New constraints on axion with gamma-ray observations of the Crab Nebula
Kazunori Kohri, Haruki Takahashi
TL;DR
This work targets axion-photon mixing in gamma rays from the Crab Nebula by incorporating a realistic, variable magnetic-field profile into the emission and conversion modeling. By combining a two-component SSC Crab Nebula model with seed photons from synchrotron, dust, and the CMB, and by using transfer-matrix/density-matrix methods to compute the photon survival probability $P_{\gamma\gamma}$, the authors produce ALP-sensitive gamma-ray spectra.

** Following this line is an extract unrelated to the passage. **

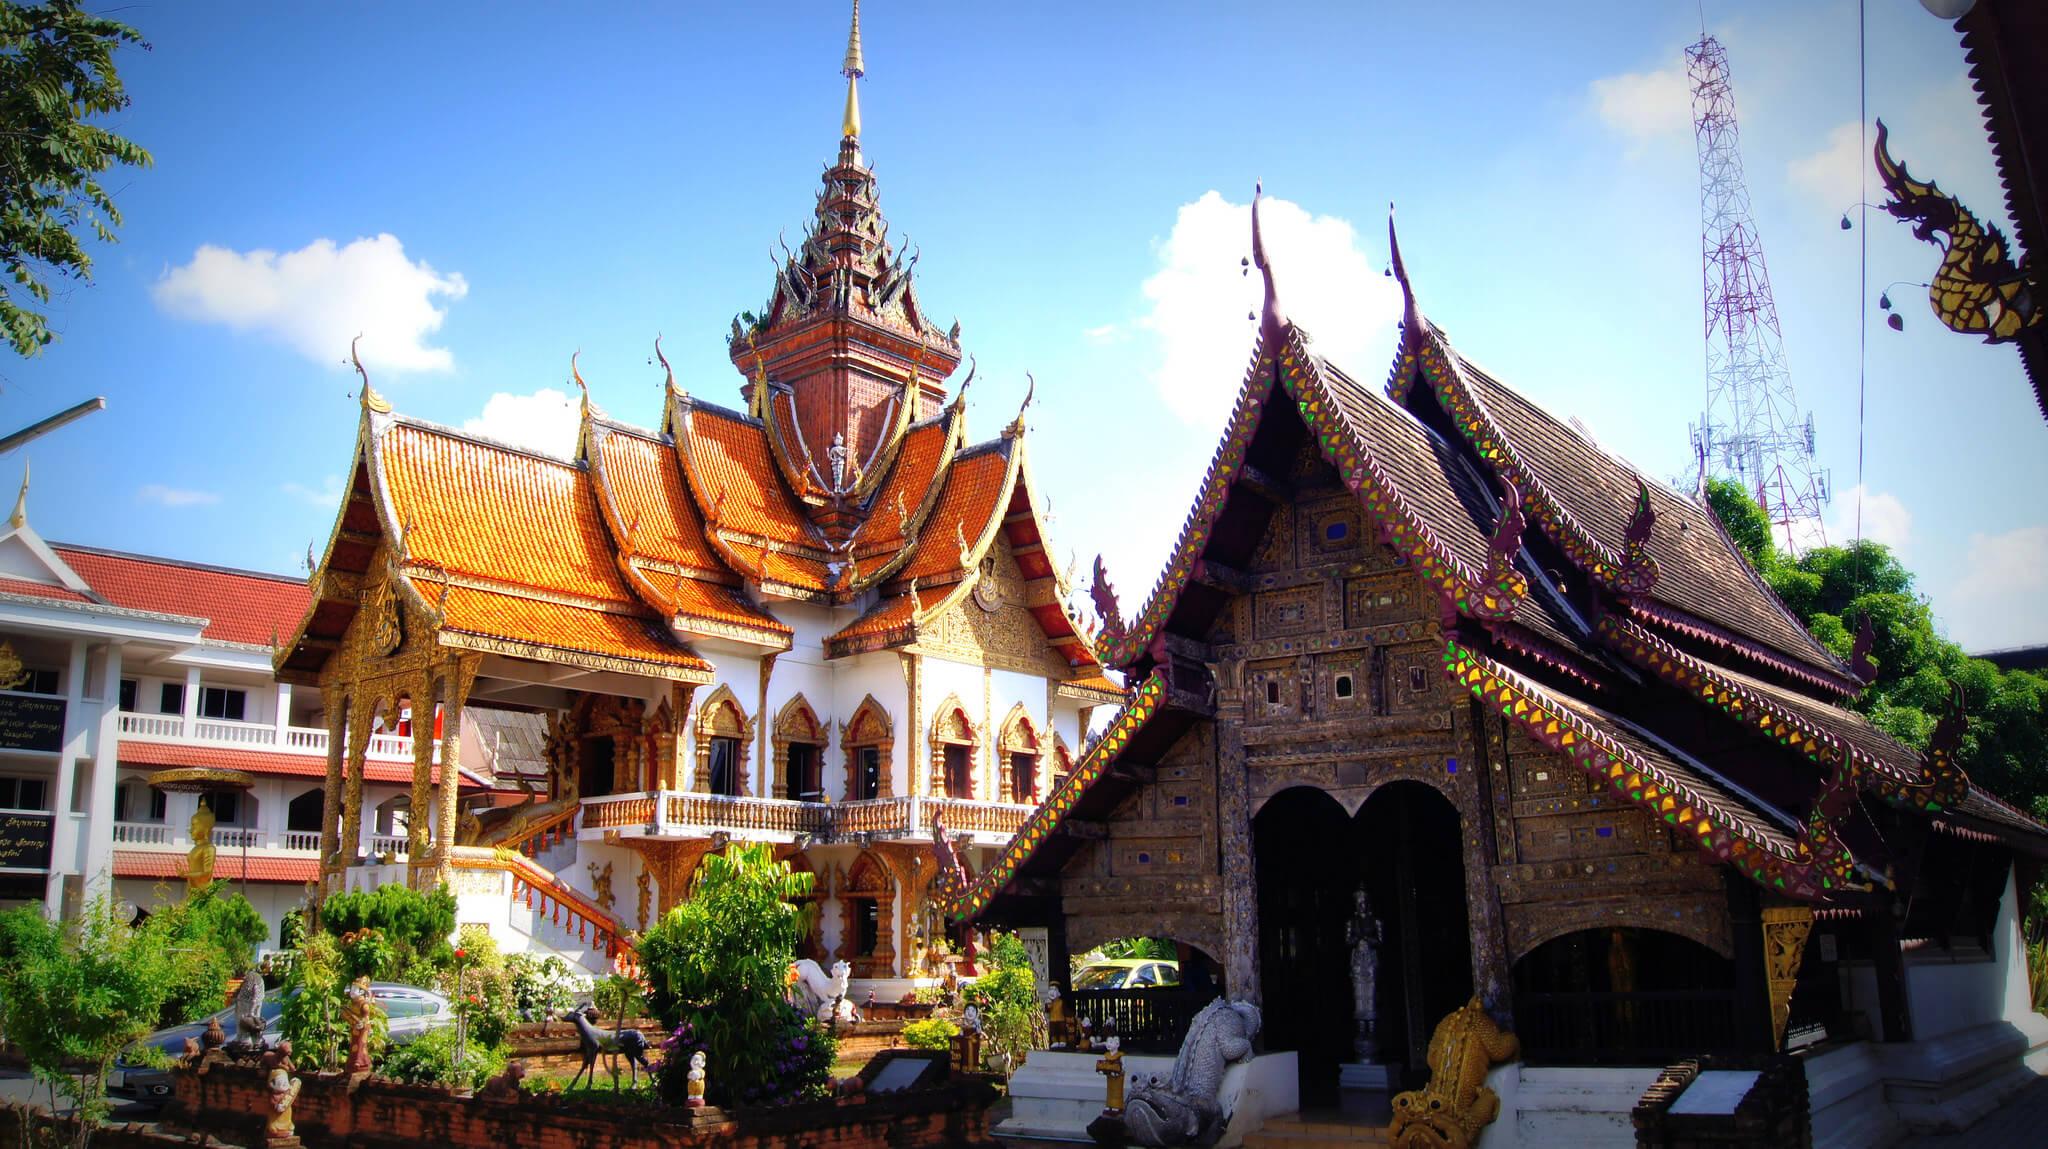 Visita-a-Chiang-Mai-Rutas-por-Tailandia
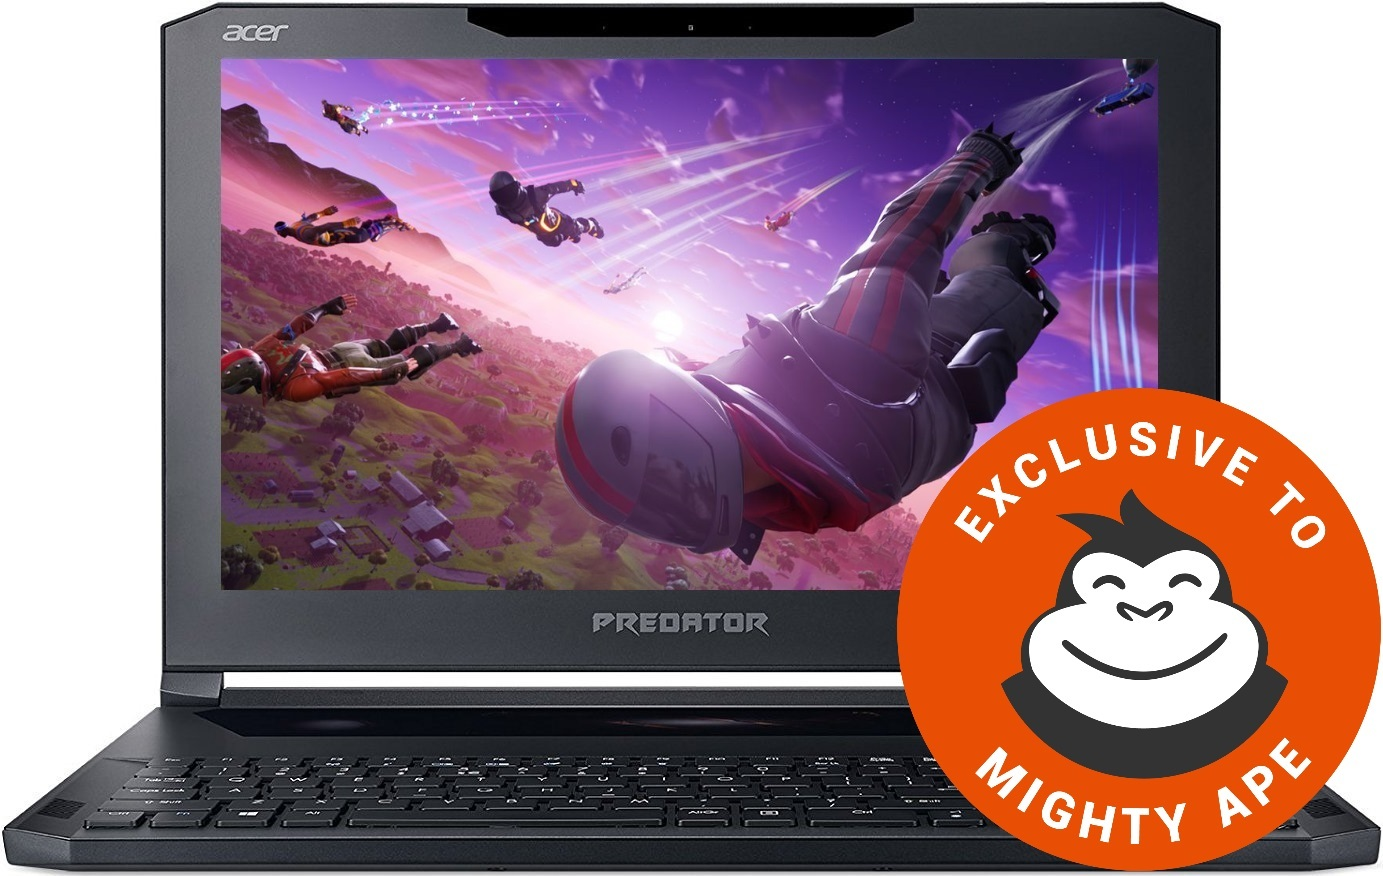 "Acer Predator Triton 700 15.6"" Gaming Laptop | Intel Core i7 | 32GB RAM | GTX 1080 8GB image"

A Monte Carlo-based statistical analysis of Fermi-LAT and LHAASO data yields 95% CL exclusions, with the bound $g_{a\gamma\gamma} \lesssim 1 \times 10^{-11}\,\mathrm{GeV}^{-1}$ at $m_a \simeq 10^{-8}\,\mathrm{eV}$, surpassing CAST in the range $10^{-10}\,\mathrm{eV} \lesssim m_a \lesssim 10^{-6}\,\mathrm{eV}$. The results demonstrate the critical influence of astrophysical magnetic-field modeling on ALP constraints and offer a framework applicable to other galactic sources.
Abstract
In this paper, we derive the upper bounds on the coupling of axion-like particles (ALPs) with photon as a function of the mass by considering axion-photon conversion in the Crab Nebula. Previous studies have not considered the influence of the magnetic field within the Crab Nebula. The magnetic field plays a crucial role through the Synchrotron Self-Compton (SSC) process, in which high-energy electrons produce synchrotron radiation that is subsequently up-scattered by the same electrons via inverse Compton scattering to generate gamma rays. Therefore, neglecting the magnetic field in modeling leads to theoretical inconsistencies. In this work, we investigate the significance of the magnetic field effect and demonstrate that even differences in magnetic field modeling can substantially alter the conversion probability. We thus, for the first time, point out that proper consideration of the magnetic field is essential in ALP searches using gamma rays from the Crab Nebula. The resulting constraints reach up to a coupling of $g_{aγγ} \lesssim 1 \times 10^{-11} {\rm GeV}^{-1}$ for ALP masses in the range $10^{-10} {\rm eV} \lesssim m_a \lesssim 10^{-6} {\rm eV}$.